DI CARMELA MINENNA
Vedevi Michele e vedevi un vegliardo dalla tempra forte, con un sorriso appena accennato sotto un paio di baffetti in piena sintonia con la lucentezza cerulea degli occhi.
Parlavi con Michele e parlavi con la memoria del tempo che attraversa le storie di tanti uomini e donne del sud, i tanti ‘senza nome’ che non finiscono mai sulle pagine della storia, ma hanno fatto la storia.
Pensavi a Michele e pensavi ad un patrimonio di fede e di devozione solido ed incrollabile, di quelli che si confondono con la vita perché per lui, Michele, la vita viaggiava solo sui binari della devozione.
Nato il 10 ottobre 1932, Michele Tassiello che, per una tragica fatalità, ha incrociato sul suo cammino un autoveicolo letale, per la comunità di Bitonto è stato e rimane il decano dei portatori dell’Addolorata di S.Domenico. Una esistenza, la sua, caparbiamente costruita sui ritmi e sulle strade della pietà popolare vissuta non come ostentazione orgogliosa, ma come scelta da cucire ‘addosso’, come lo stifelius indossato per oltre cinquanta anni sotto il peso delle 111 candele che circondano il simulacro mariano.
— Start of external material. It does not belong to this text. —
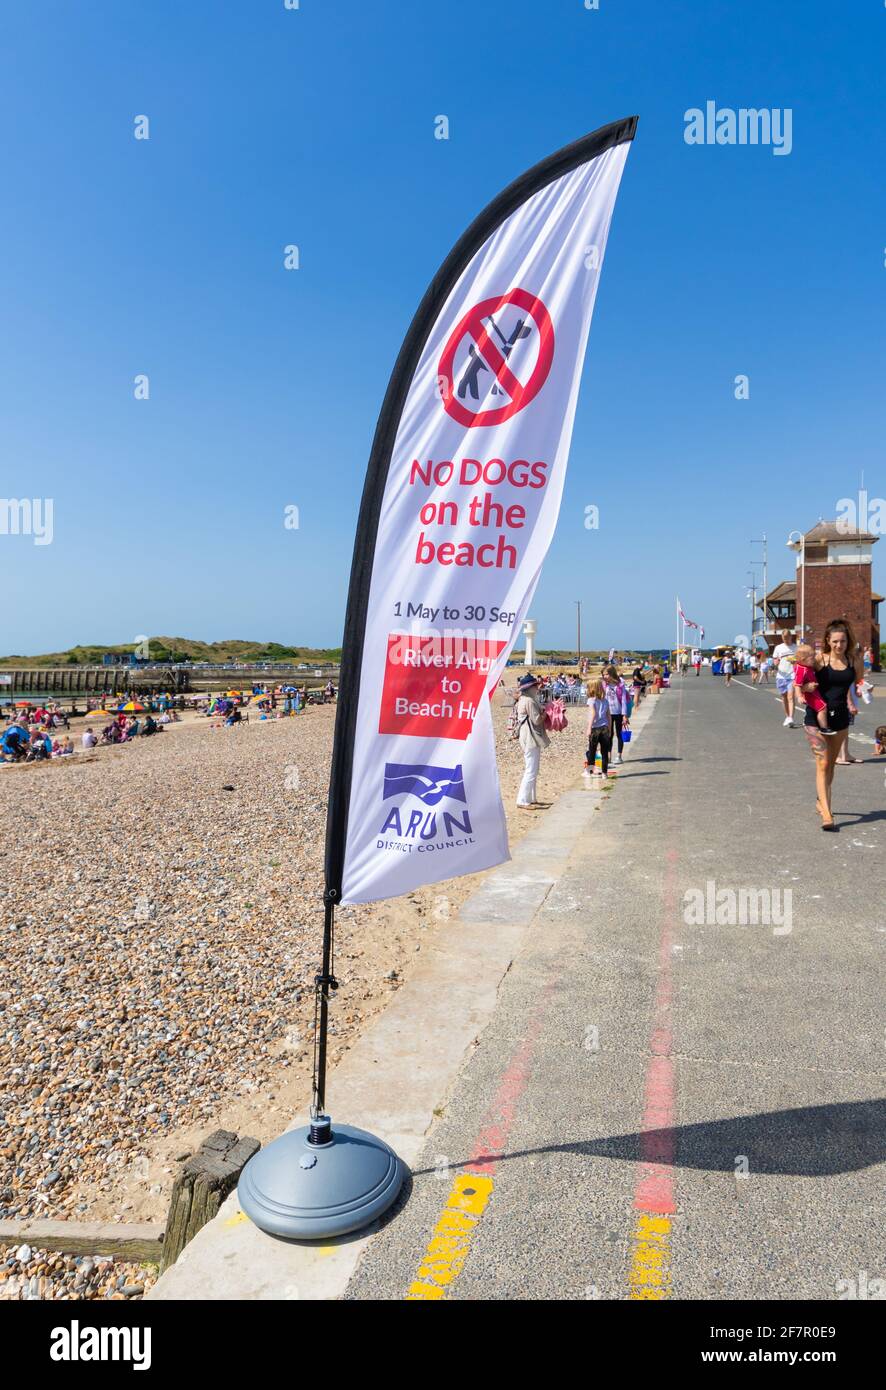 Una bandiera avvertimento che i cani non sono ammessi sulla spiaggia, sul lungomare in estate a Littlehampton, West Sussex, in Inghilterra, Regno Unito. Foto Stock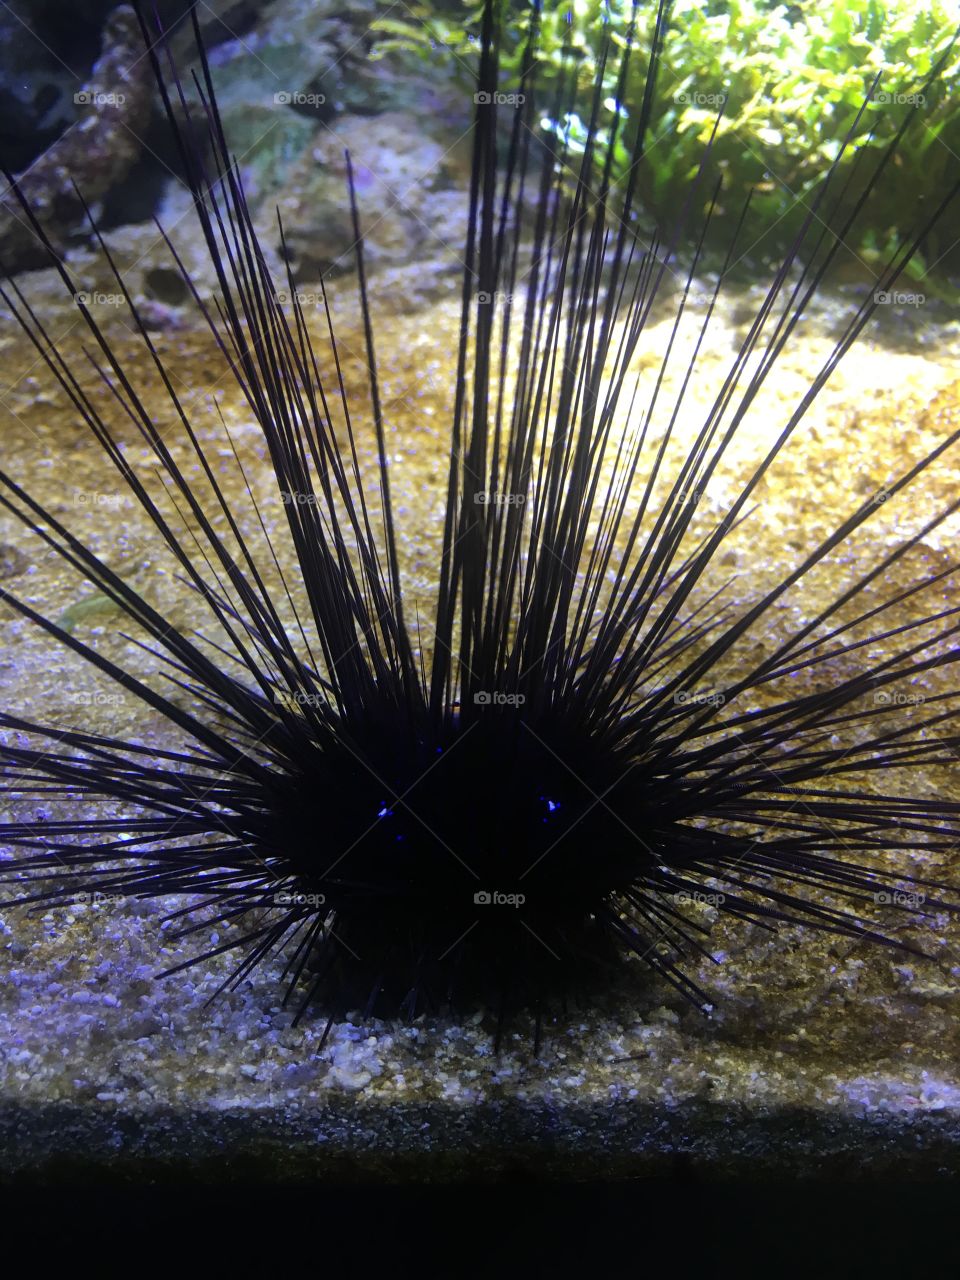 Sea Urchin with glowing eyes. Or is it an alien?

Conosceva bene il rituale della vestizione del portatore e la pratica della ‘fasciatura’, sapeva misurare i passi e dare lo slancio calibrato quando, ad un lapidario suèze, era tempo di caricare sulle spalle il peso delle candele piangenti. E anche quando le comprensibili ragioni anagrafiche lo hanno costretto a passare il testimone ai giovani portatori da lui paternamente ‘coltivati’, non ha rinunciato a seguire il passo cadenzato della portantina, al fianco della sacra immagine, quasi a voler riscrivere la storia del suo ‘servizio’ per l’Arciconfraternita del SS.Rosario non più su solide spalle, ma su solida fede.
Depositario di una sapienza nonagenaria, non ne ha mai fatto un tesoro esclusivo, ma ha voluto condividere i fotogrammi della sua storia umana anche con chi – e qui si impone il ricordo personale di una intervista – ha voluto vedere in lui il custode di un patrimonio immateriale fatto di proverbi e modi di dire, di gesti e di rituali ereditati dal tempo ed affidati alla prospettiva del futuro. E si rincorrono a questo punto le suggestioni di una vita di stenti, nella quale unico punto fermo è stato il servizio di portatore dell’Addolorata, di una fede genuina e semplice fatta anche di quei segni esteriori riflesso dei ‘solchi’ di un cuore devoto al Cristo Nero (che ha voluto sempre omaggiare con una croce luminosa al passaggio della sacra immagine dinanzi alla sua dimora su via Castelfidardo), di un ritratto per sempre rimasto cristallizzato sull’ultimo ‘suo’ Venerdì santo.
Quello stare ‘accanto’ all’Addolorata che Michele ha vissuto negli ultimi anni (nutrito dalla convinzione che – diceva lui – me la sèndeche ‘ngùdde, ‘me la sento ancora addosso’!), si traduce oggi, per chi lo ha conosciuto e per chi ne ha ereditato la missione, in uno ‘stare accanto’ all’altro.
Il passo, lento e cadenzato, da oggi si è fatto leggero e vellutato. Lo stifelius non rimarrà più appeso in attesa della prossima processione: è diventato l’abito di un cammino senza fine.